I'm using Postgres 12.10 AWS RDS. My query to find a min date using a group by is faster than just a regular min on the date. I'd like the regular min to be as fast but not sure if I'm putting in the wrong indices or I need to tune another parameter.
I have a table
CREATE TABLE IF NOT EXISTS public.ed
(
isd character varying(90) COLLATE pg_catalog."default" NOT NULL,
e_id character varying(32) COLLATE pg_catalog."default" NOT NULL,
d_date timestamp with time zone NOT NULL,
CONSTRAINT ed_pkey PRIMARY KEY (isd, e_id)
)
Indices:
CREATE INDEX IF NOT EXISTS ix_ed_d_date
ON public.ed USING btree
(d_date ASC NULLS LAST)
TABLESPACE pg_default;
CREATE INDEX IF NOT EXISTS ix_ed_e_id
ON public.ed USING btree
(e_id COLLATE pg_catalog."default" ASC NULLS LAST)
TABLESPACE pg_default;
Query without just min takes 3 minutes:
select min(d_date)
from ed
where e_id = '62e2032b029b036ba25c73cf';
Explain Analyze for query:
Result (cost=171.70..171.71 rows=1 width=8) (actual time=186940.968..186941.463 rows=1 loops=1)
InitPlan 1 (returns $0)
-> Limit (cost=0.56..171.70 rows=1 width=8) (actual time=186940.963..186940.964 rows=1 loops=1)
-> Index Scan using ix_ed_d_date on ed (cost=0.56..2214942.25 rows=12943 width=8) (actual time=186940.961..186940.962 rows=1 loops=1)
Index Cond: (d_date IS NOT NULL)
Filter: ((e_id)::text = '62e2032b029b036ba25c73cf'::text)
Rows Removed by Filter: 30539883
Planning Time: 0.195 ms
Execution Time: 186941.491 ms
While the query with the group by takes less than a second:
select min(d_date)
from ed
where e_id in ('62e2032b029b036ba25c73cf')
group by e_id;
Explain Analyze:
GroupAggregate (cost=0.56..5365.73 rows=2319 width=33) (actual time=92.093..92.095 rows=1 loops=1)
Group Key: e_id
-> Index Scan using ix_ed_e_id on ed (cost=0.56..5277.83 rows=12943 width=33) (actual time=6.753..90.622 rows=6698 loops=1)

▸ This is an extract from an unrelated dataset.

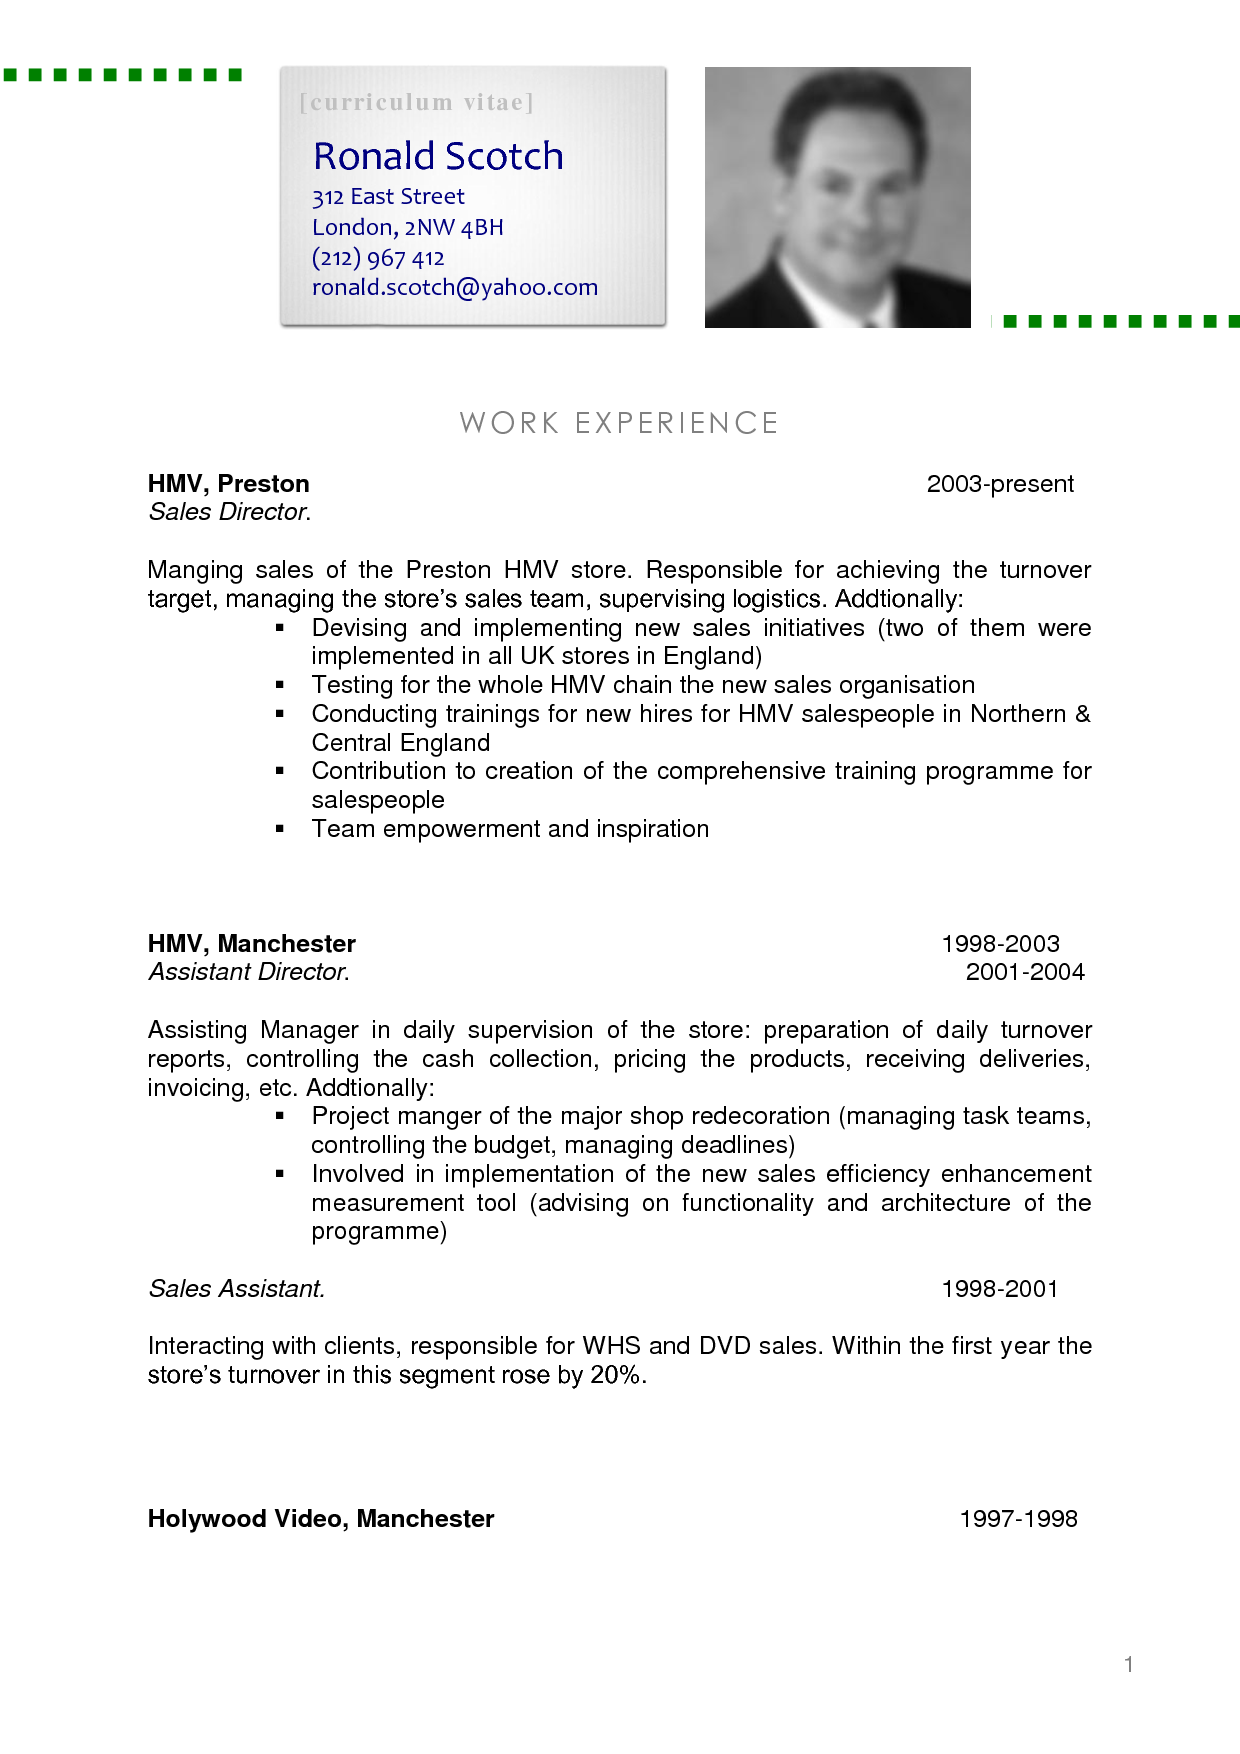 What Is A Cv Curriculum Vitae Examples Templates - Riset

Index Cond: ((e_id)::text = '62e2032b029b036ba25c73cf'::text)
Planning Time: 0.098 ms
Execution Time: 92.127 ms
I get the same result, but why is the simpler query using the d_date index? How can I make the simple min(d_date) without group by as performant as the one that uses the group by?